Como o IDEPI pode ter moldado R$ 165 milhões em licitações para a Construtora Soma e Solução
Foto: Reprodução/AZ![]()
Documentos obtidos pelo Portal AZ revelam uma sequência de decisões — proibição de consórcios ignorada, logística planejada ao redor da cidade-sede da vencedora, concorrentes eliminados por exigência contraditória — que, somadas, apontam para um possível direcionamento sistemático das Concorrências nº 001/2023 e 002/2023 do IDEPI em favor da Construtora e Incorporadora Soma LTDA, com sede em Picos, interior do Piauí.
Há uma frase no Relatório Técnico que embasa as licitações mais vultosas do Instituto de Desenvolvimento do Piauí (IDEPI) nos últimos anos que, sozinha, resume o problema: "O arranjo logístico, embora seja personalístico...". O trecho pertence ao documento oficial que justifica tecnicamente a viabilidade de dois contratos de pavimentação asfáltica avaliados em R$ 165 milhões. Em linguagem de licitação pública, admitir que uma obra tem um arranjo "personalístico" é o mesmo que assinar um atestado de direcionamento.
O Portal AZ teve acesso ao conjunto completo de documentos que sustentam as Concorrências nº 001/2023 e 002/2023 do IDEPI, atas de habilitação e de resultado, termos de referência, contratos e relatórios técnicos, todos formalizados sob os Processos SEI nº 00119.000393/2023-29 e nº 00119.000392/2023-84. O cruzamento sistemático dessas peças revela não um erro isolado, mas um padrão, onde cada decisão do certame, individualmente defensável em tese, aponta consistentemente para a mesma beneficiária: a Construtora e Incorporadora Soma LTDA, à frente do Consórcio SS formado com a Construtora Solução LTDA. Respectivamente a empresa do sogro — Francisco da Costa Araújo Filho, o Araujinho — e a empresa de um dos melhores amigos — Felipe de Santana Machado, o Felipinho — do Governador Rafael Fonteles (PT).

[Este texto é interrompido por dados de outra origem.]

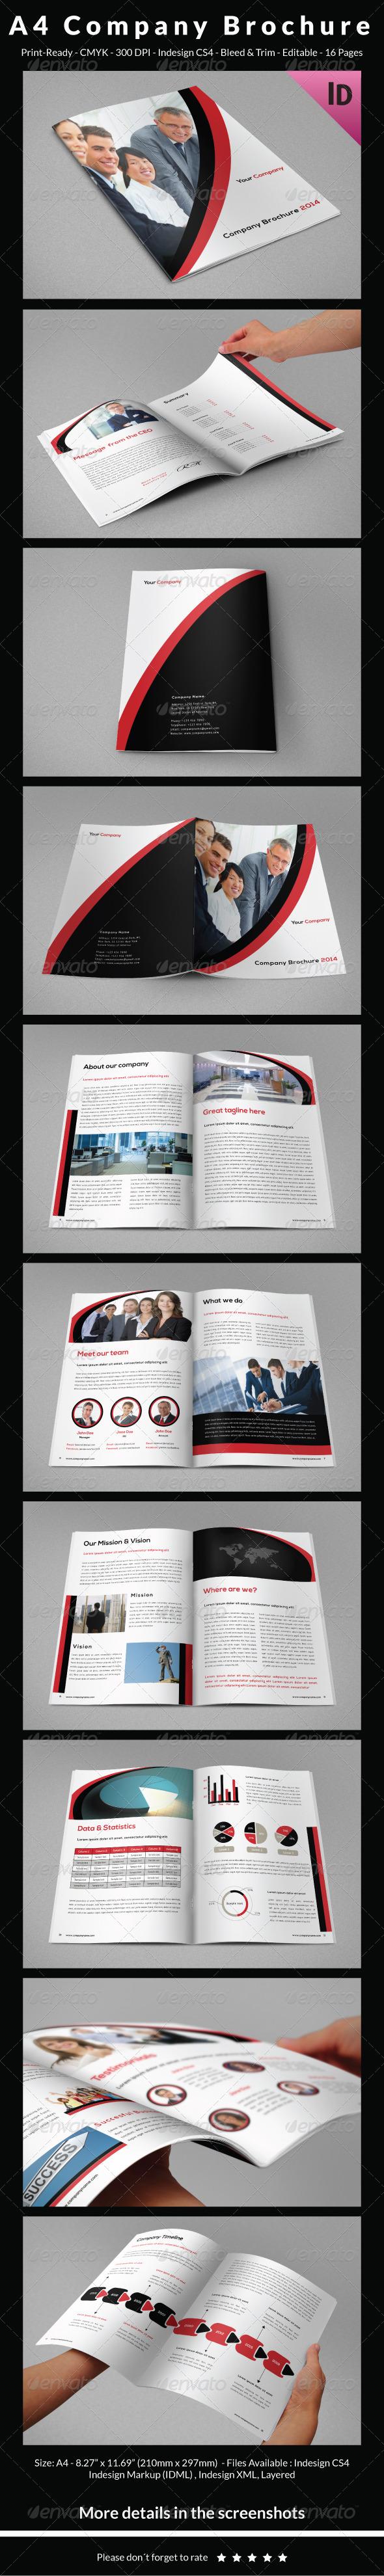 A4 Company Brochure  - Corporate Brochures

Ao final das duas concorrências, a Soma assinou dois contratos com o Estado do Piauí: o de nº 086/2023, no valor de R$ 84.833.100,99 (Contrato de capeamento asfáltico em CBUQ e pavimentação em TSD no Vale do Rio Guaribas – TD 06), e o de nº 087/2023, no valor de R$ 80.445.804,53 (território correspondente ao TD 12). Juntos, somam R$ 165.278.905,52 em serviços de pavimentação asfáltica em municípios do interior piauiense. A pergunta que esta reportagem tenta responder é: por que apenas a Soma? E como?
A regra escrita para ser descumprida: a proibição de consórcios que não valeu para a vencedora
Para entender o que aconteceu nas licitações do IDEPI, é preciso começar pelo documento que deveria reger tudo: o Termo de Referência. Nos certames em análise, foram dois, o TD 06 e o TD 12. Ambos carregam, no item 3.12, a mesma cláusula em linguagem inequívoca: "Não poderão participar desta licitação consorcio de empresas, qualquer que seja a sua forma de constituição.". O próprio IDEPI justificou a vedação com um argumento de interesse público: permitir consórcios reduziria a disputa, não a ampliaria. A autarquia queria, em tese, que pequenas e médias empresas também pudessem competir. Tudo faz sentido, até o dia do julgamento.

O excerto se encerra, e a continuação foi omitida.